Your task:
What should come back is the data below, word for word, minus any picture.

:: Dataset excerpt ::

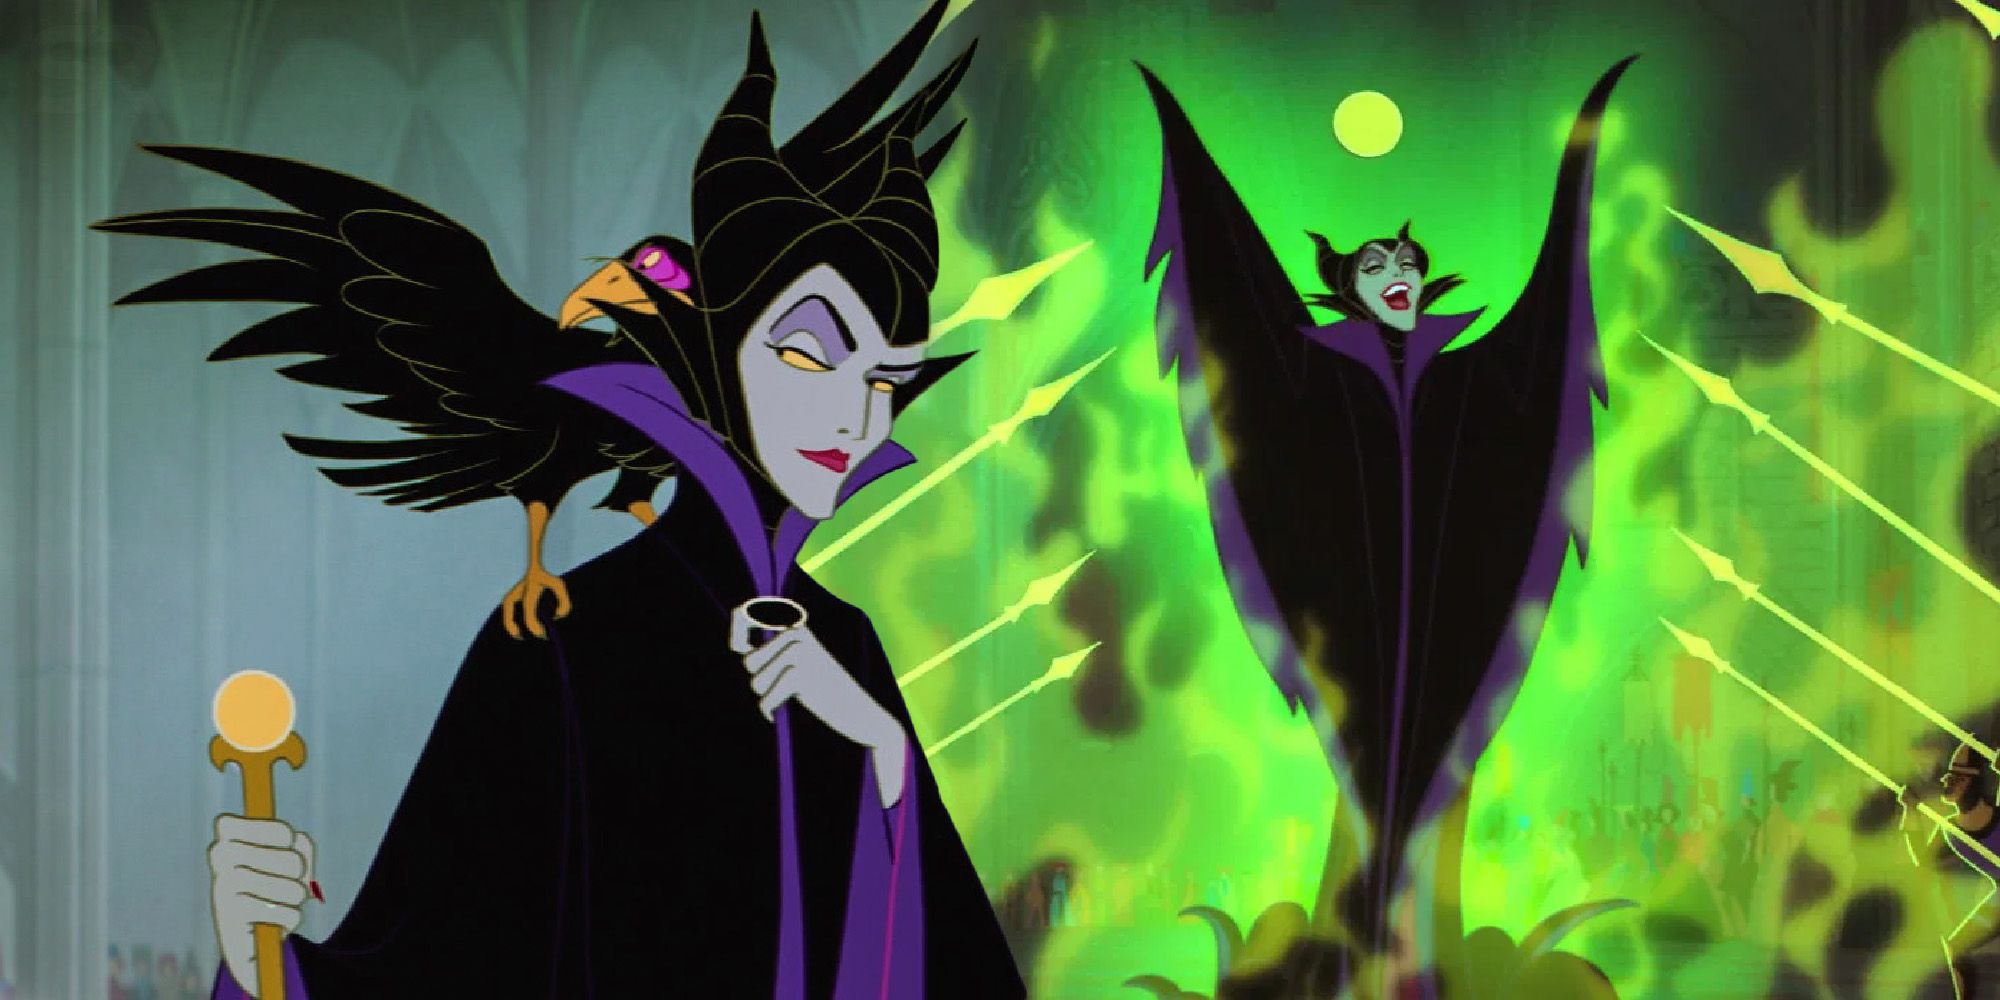 Maleficent displays her powers in Sleeping Beauty
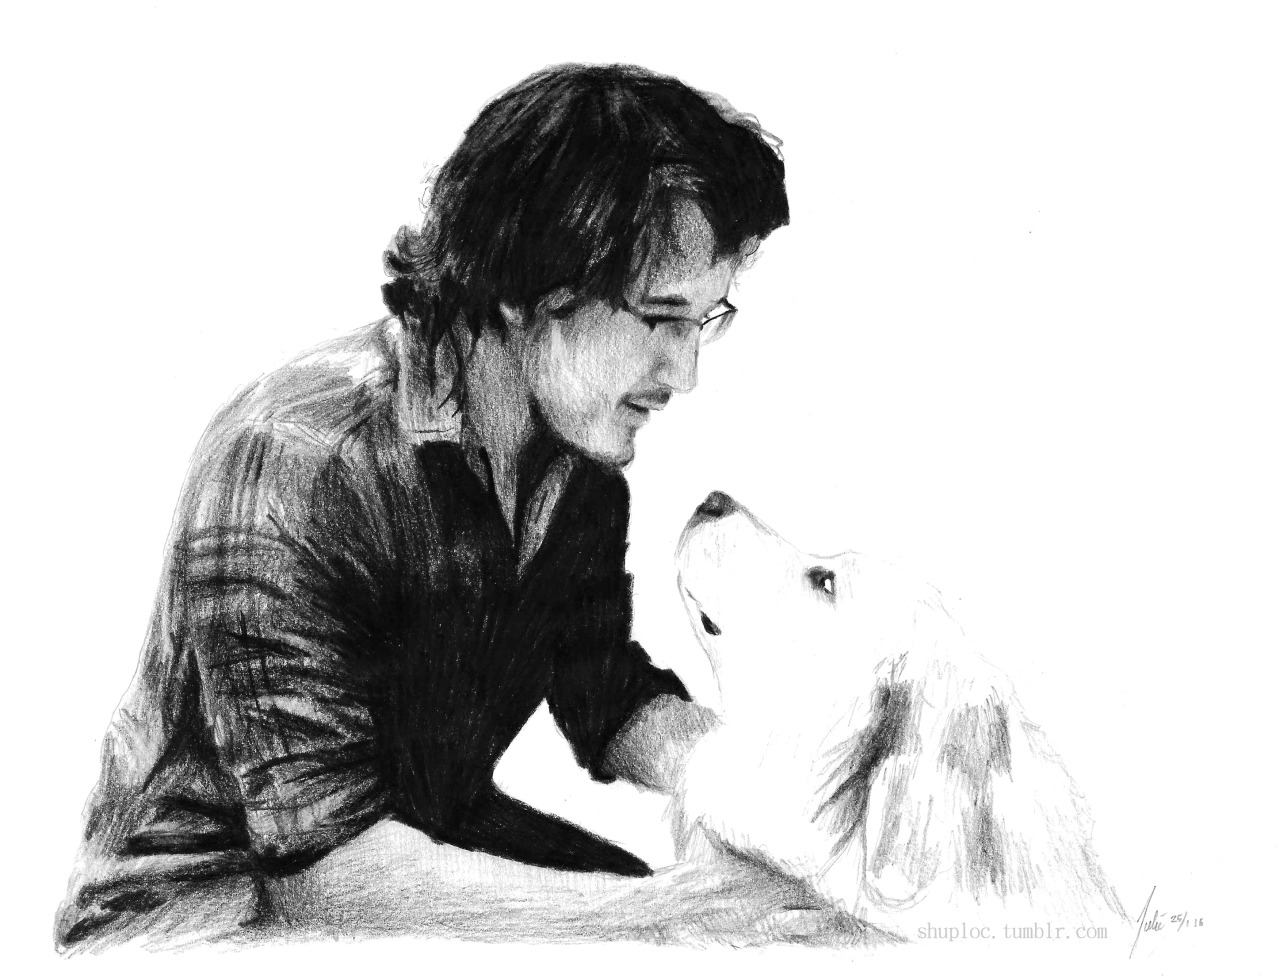 shuploc:  A Man and His Dog (Markiplier and Lucy)    Black colored pencil - 6 hours
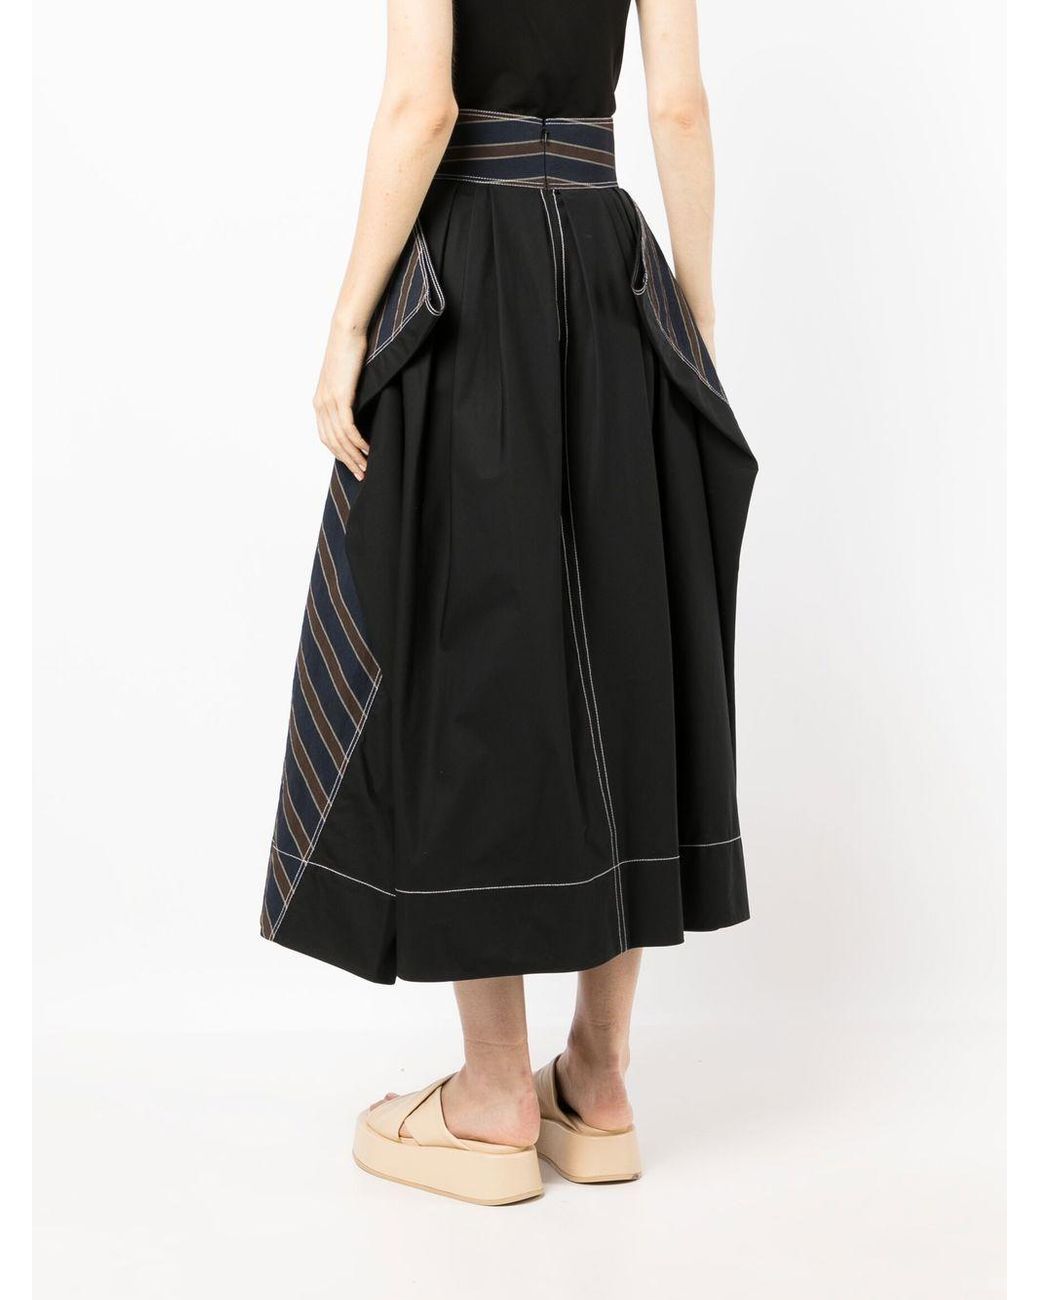 Tory Burch Striped Flared Skirt in Black | Lyst

:::

Answer space:
 Maleficent displays her powers in Sleeping Beauty
 shuploc:  A Man and His Dog (Markiplier and Lucy)    Black colored pencil - 6 hours
 Tory Burch Striped Flared Skirt in Black | Lyst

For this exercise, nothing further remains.